Precisely timing dissipative quantum information processing

TL;DR

This paper introduces dissipative gadgets that enable precise timing of dissipative quantum operations, overcoming the challenge of their inherently time-independent nature, thus opening new avenues for timed quantum information processing.

Contribution

It presents basic dissipative gadgets that allow precise initiation, triggering, and timing of dissipative operations without changing the system's Liouvillian, enabling timed quantum protocols.

Findings

Gadgets enable precise timing of dissipative processes

Dissipative operations can be triggered and controlled accurately

Measurement-based computation can be simulated dissipatively

Abstract

Dissipative engineering constitutes a framework within which quantum information processing protocols are powered by system-environment interaction rather than by unitary dynamics alone.

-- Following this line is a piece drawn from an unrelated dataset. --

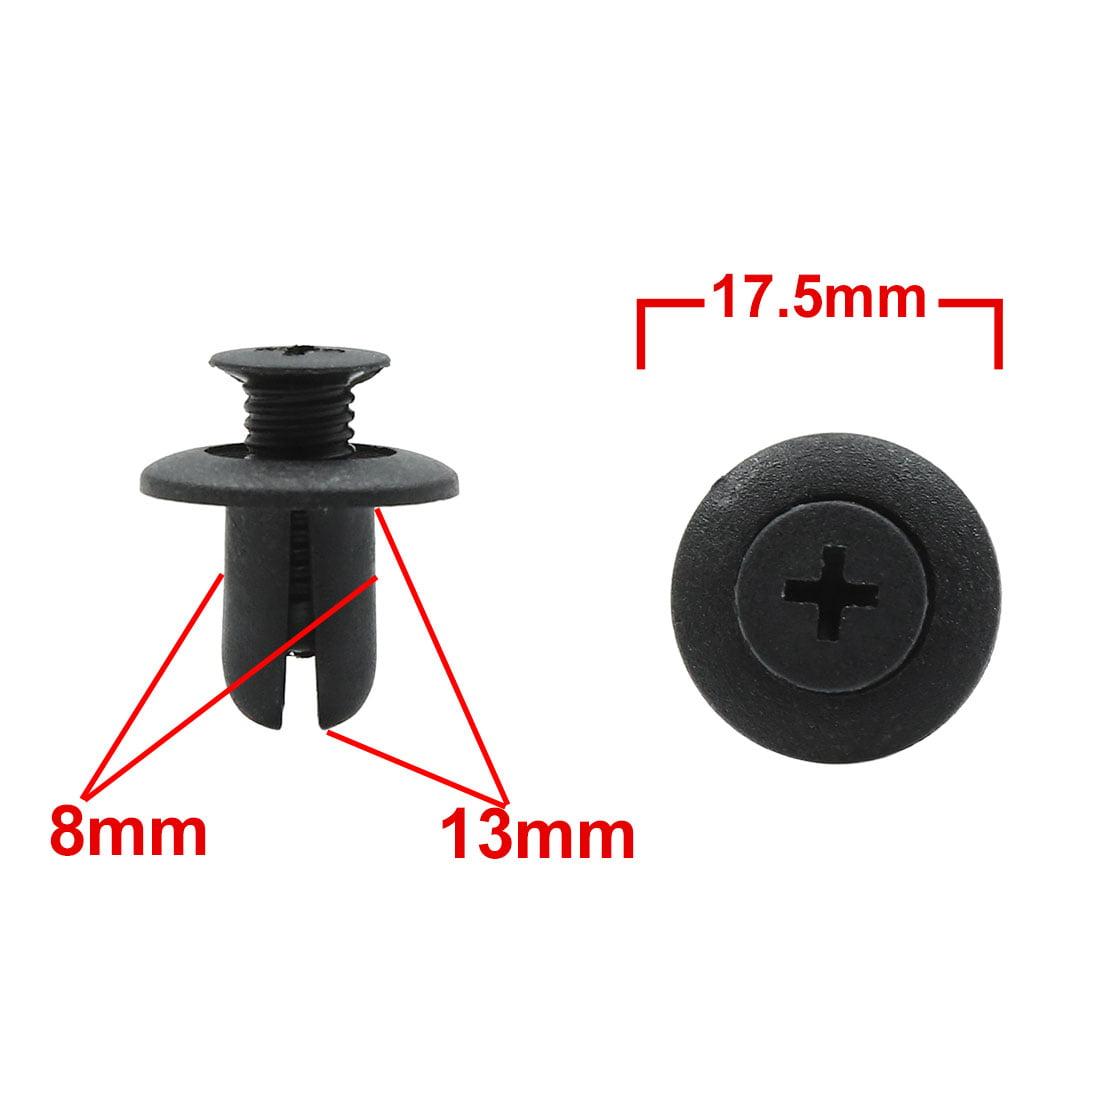 20pcs 8mm Hole Plastic Rivets Door Trim Bumper Clips Fastener for Automotive - image 1 de 2

This framework embraces noise as a resource, and consequently, offers a number of advantages compared to one based on unitary dynamics alone, e.g., that the protocols are typically independent of the initial state of the system. However, the time independent nature of this scheme makes it difficult to imagine precisely timed sequential operations, conditional measurements or error correction. In this work, we provide a path around these challenges, by introducing basic dissipative gadgets which allow us to precisely initiate, trigger and time dissipative operations, while keeping the system Liouvillian time-independent. These gadgets open up novel perspectives for thinking of timed dissipative quantum information processing. As an example, we sketch how measurement based computation can be simulated in the dissipative setting.